Web API Project Template

Create Your First Arcus Web API Project

First, install the template from NuGet:

> dotnet new --install Arcus.Templates.WebApi

When installed, the template can be created with shortname: arcus-webapi:

> dotnet new arcus-webapi --name Arcus.Demo.WebAPI

Features

Creates a starter web API project with by default configured:

• Arcus secret store setup with Azure Key Vault secret source (docs)
• Application configuration with environment variables
• Basic health endpoint with ASP.NET Core health checks with OpenAPI support.
• HTTP request tracking with default route / omitted (docs)
• HTTP correlation (docs)
• Global exception handling (docs)
• Docker building file
• Swagger OpenAPI setup
• Serilog setup with Application Insights logging sink (docs)
• Default JSON serialization

Configuration

And additional features available with options:

• -au|--authentication (default None)
  • SharedAccessKey: adds shared access key authentication mechanism to the API project
  • Certificate: adds client certificate authentication mechanism to the API project
  • JWT: adds JWT (JSON Web Token) authentication mechanism to the API project
  • None: no authentication configured on the API project.
• -ia|--include-appsettings (default false): includes a appsettings.json file to the web API project.
• -ec|--exclude-correlation (default false): excludes the capability to correlate between HTTP requests/responses from the API project.
• -eo|--exclude-openApi (default false): exclude the ASP.NET OpenAPI docs generation and UI from API project.
• -lo|--logging (default Serilog)
  • Console: no extra logging mechanism except for the default console logging will be added to the web API project.
  • Serilog: adds Serilog as logging mechanism with request logging, default enrichers (version, application, and correlation when appropriate), sinking to Application Insights to the web API project.

Security

As part of this template the following HTTP header(s) are removed for security sake:

• Server header * Provides information concerning the Web API runtime

The OpenAPI documentation is available by-default.

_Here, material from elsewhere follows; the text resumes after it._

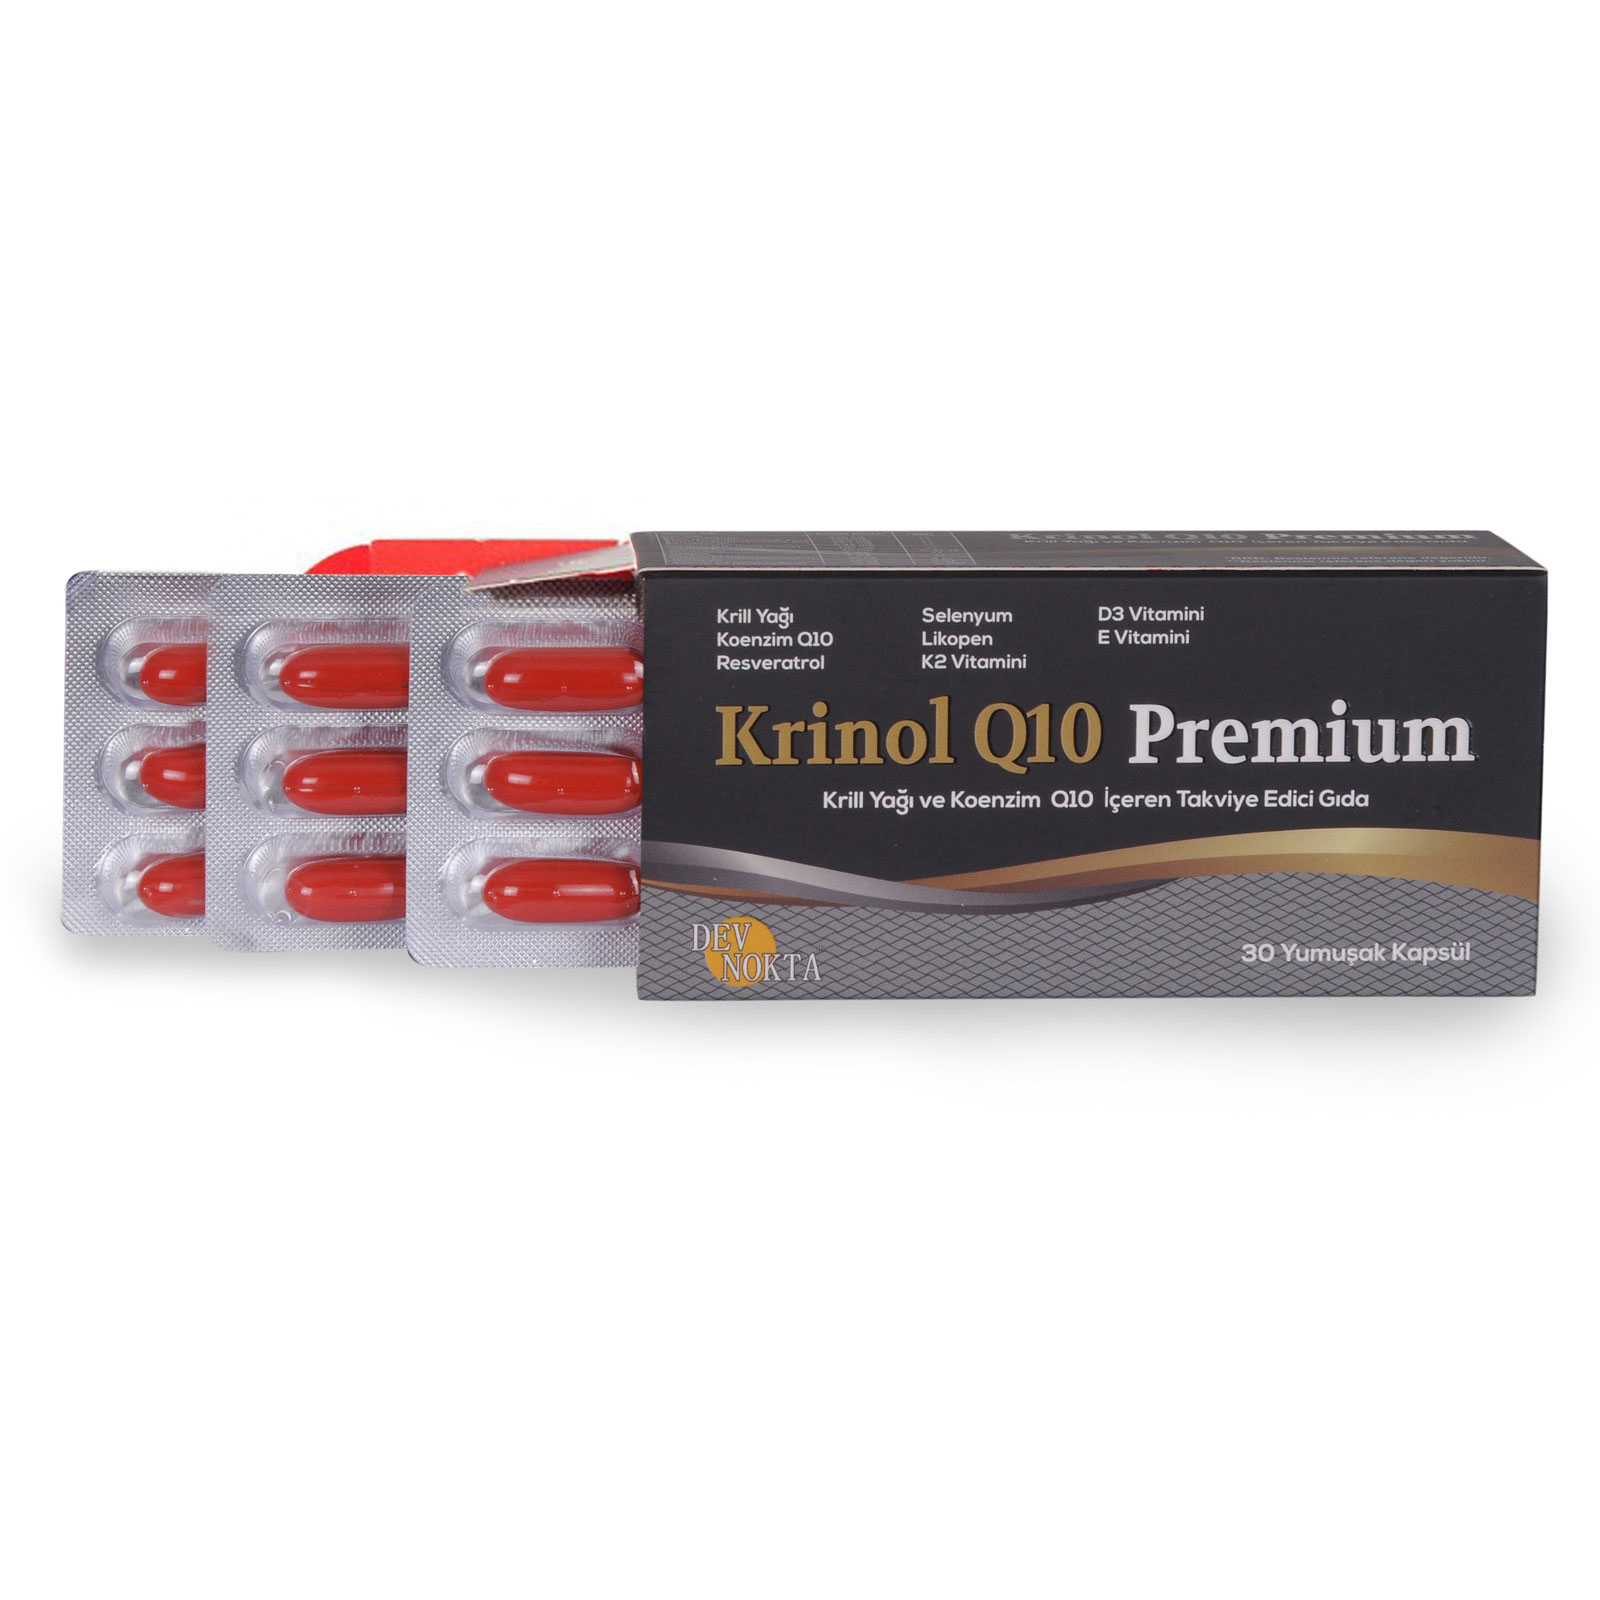 Krinol Q10 Premium - Krill Yağı Ve Koenzim Q10 - 30 Kapsül-1 Kutu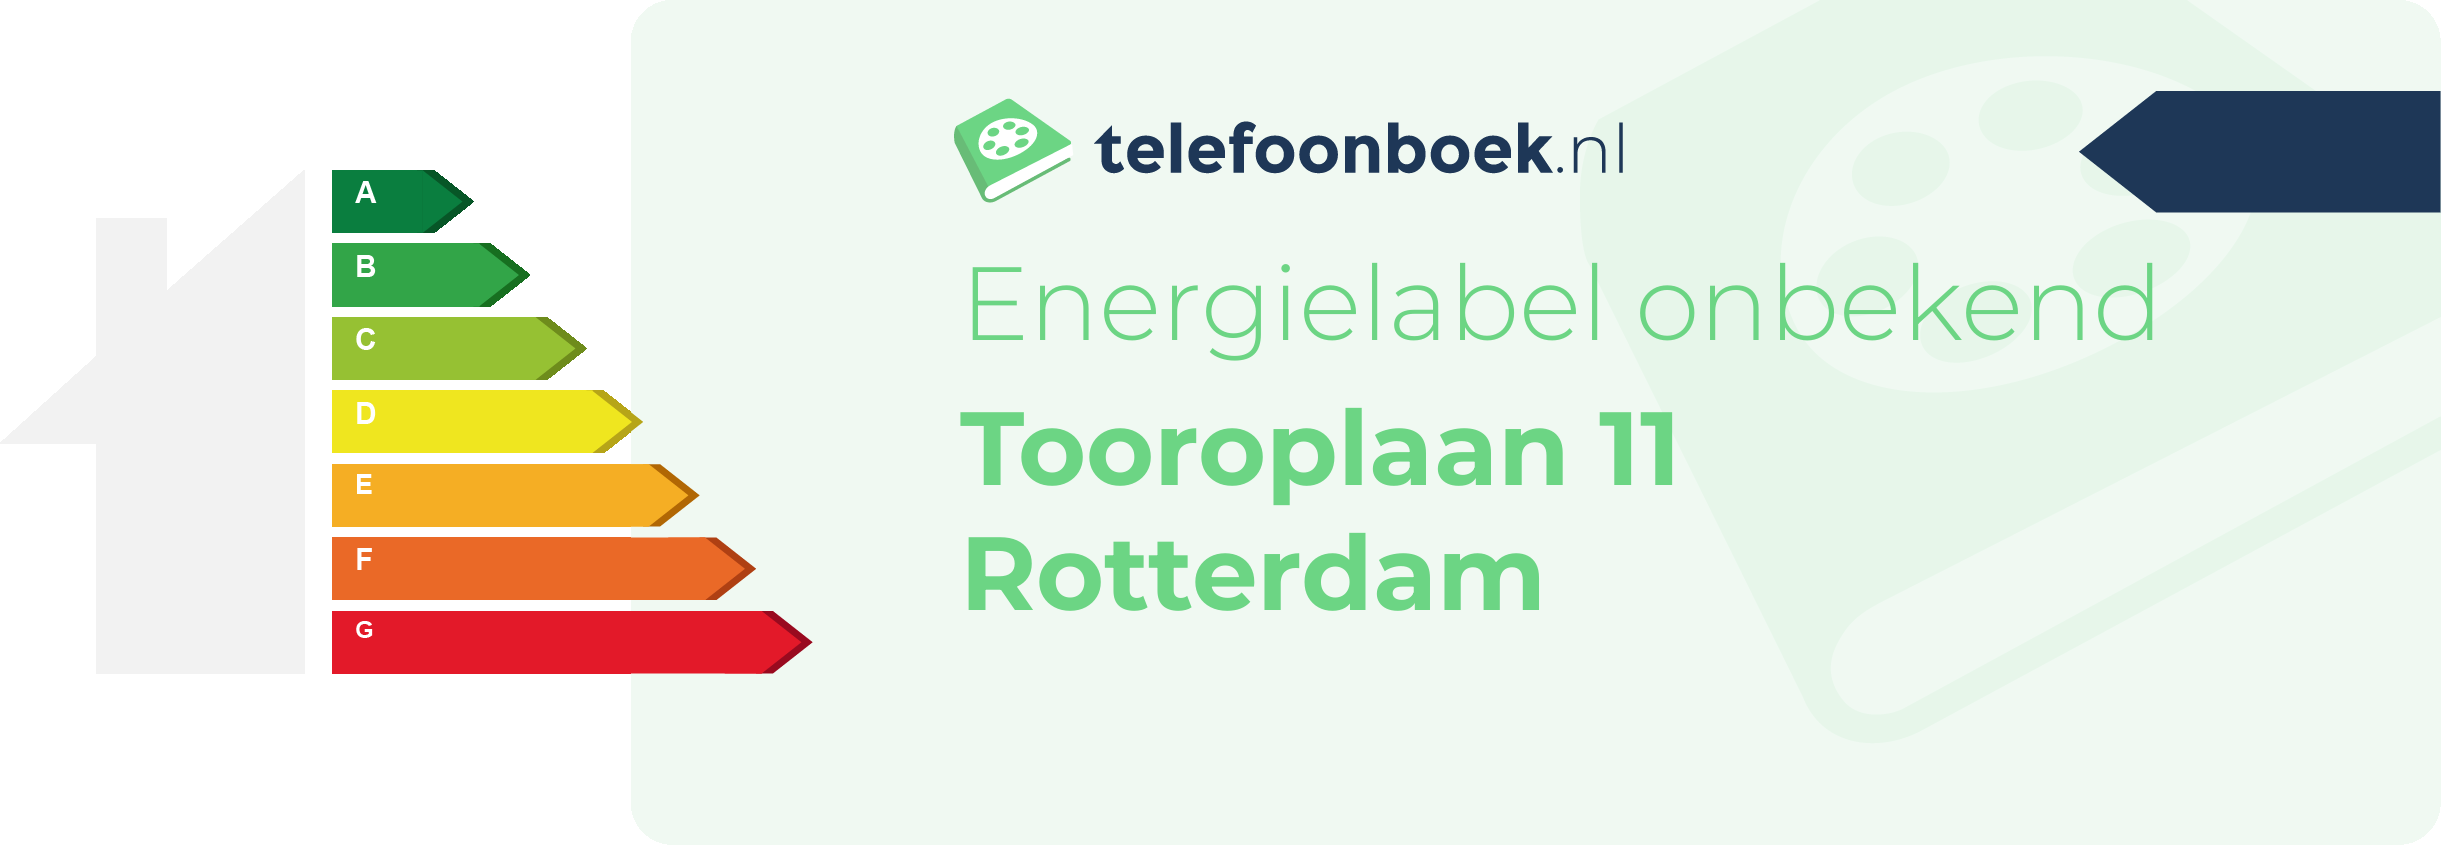 Energielabel Tooroplaan 11 Rotterdam

Be careful of exposing sensitive information with the OpenAPI documentation, only expose what's necessary and hide everything else.

Health

A default health controller is available that exposes the configured health checks as an aggregated health report. For more information on application health, see Microsoft's documentation.

The controller doesn't directly exposes Microsoft's HealthReport model but uses a custom ApiHealthReport model which eliminates the exception details from the original report. This way the application's health can be exposed in a safe manner without also exposing exception and assembly information to the user.